Opera prima per Francesco Frangipane che, con “Dall’Alto di una Fredda Torre”, porta sul grande schermo la sua più nota pièce teatrale diretta da lui stesso e scritta dallo sceneggiatore Filippo Gili. Dopo una lunga carriera in teatro, Frangipane sbarca al cinema con una storia che ha le medesime caratteristiche di una tragedia greca, ma ambientata nei giorni nostri. Film girato tra Gubbio e Roma, si sviluppa in tre ambientazioni principali proprio come in uno spettacolo teatrale: la sala da pranzo nella dimora dei genitori, la stanza d’ospedale dove avvengono i colloqui coi medici e la casa di campagna nella quale vive il personaggio di Antonio. Il regista sceglie un solido cast per la rappresentazione di una vicenda dalle tinte fortemente drammatiche, che si sviluppa in un crescendo di tensione e rabbia nei confronti dell’esistenza e dell’imprevedibilità della vita. Sicuramente un buon lavoro, soprattutto trattandosi di un esordio, che però a tratti perde di ritmo e che lascia con alcune domande senza risposta: ad esempio, com’è possibile che due persone adulte e capaci d’intendere che contraggono una malattia non vengano direttamente informate dall’equipe medica, facendo gestire l’intera situazione ai figli?

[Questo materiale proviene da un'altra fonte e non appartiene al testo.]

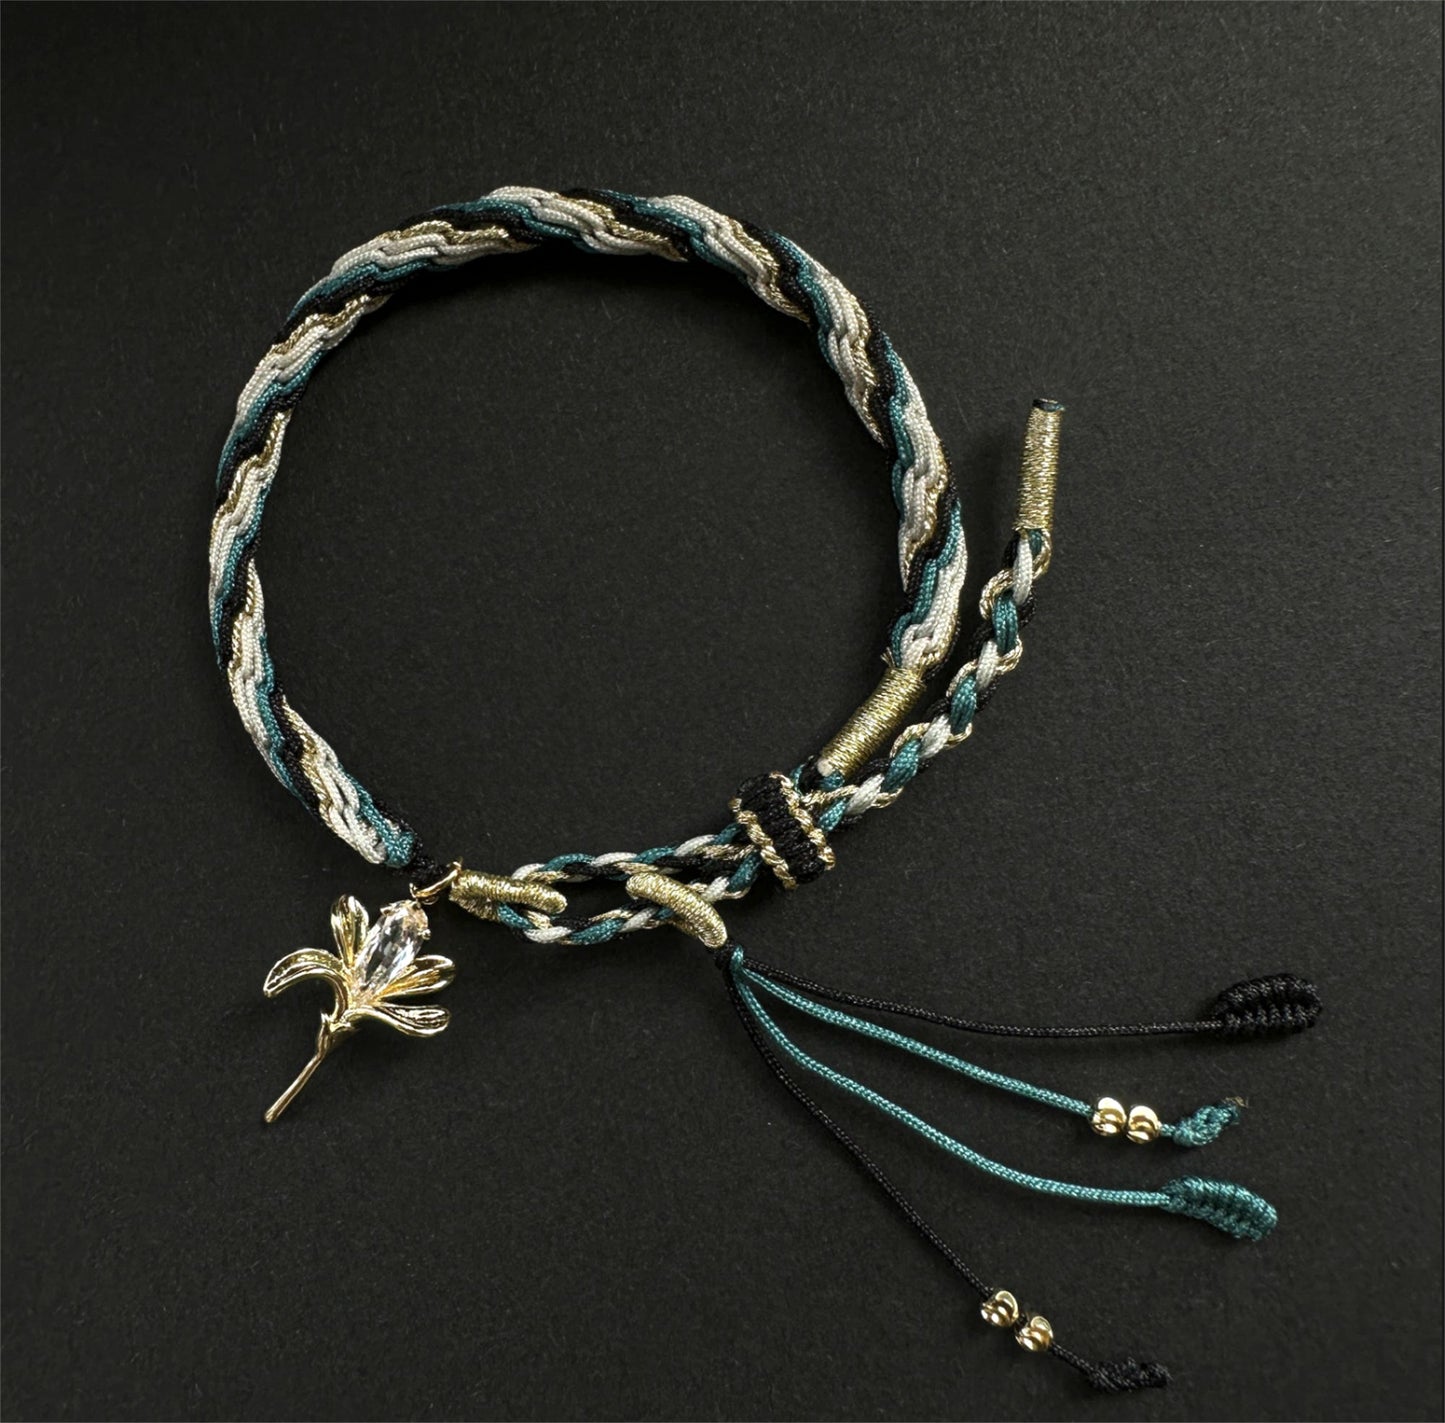 Honkai Star Rail Welt Bracelet Hand-Woven Bracelet

Per finire, a differenza della spietatezza tipica delle tragedie, la risoluzione di questa pellicola rimane a finale aperto senza avere il coraggio di infliggere un colpo brutale facendo una scelta.
Questo è sicuramente un lungometraggio che ci pone dinnanzi a dei temi difficili da affrontare e da digerire sui quali evitiamo spesso di interrogarci, nonostante siamo perfettamente consci che un giorno potrebbe capitare a ciascuno di noi di dovercisi misurare. Ci ricorda dell’enorme spada di Damocle che aleggia sopra le nostre teste che, come una ghigliottina, potrebbe rapidamente decapitarci senza pietà all’improvviso. Tre stelle su cinque.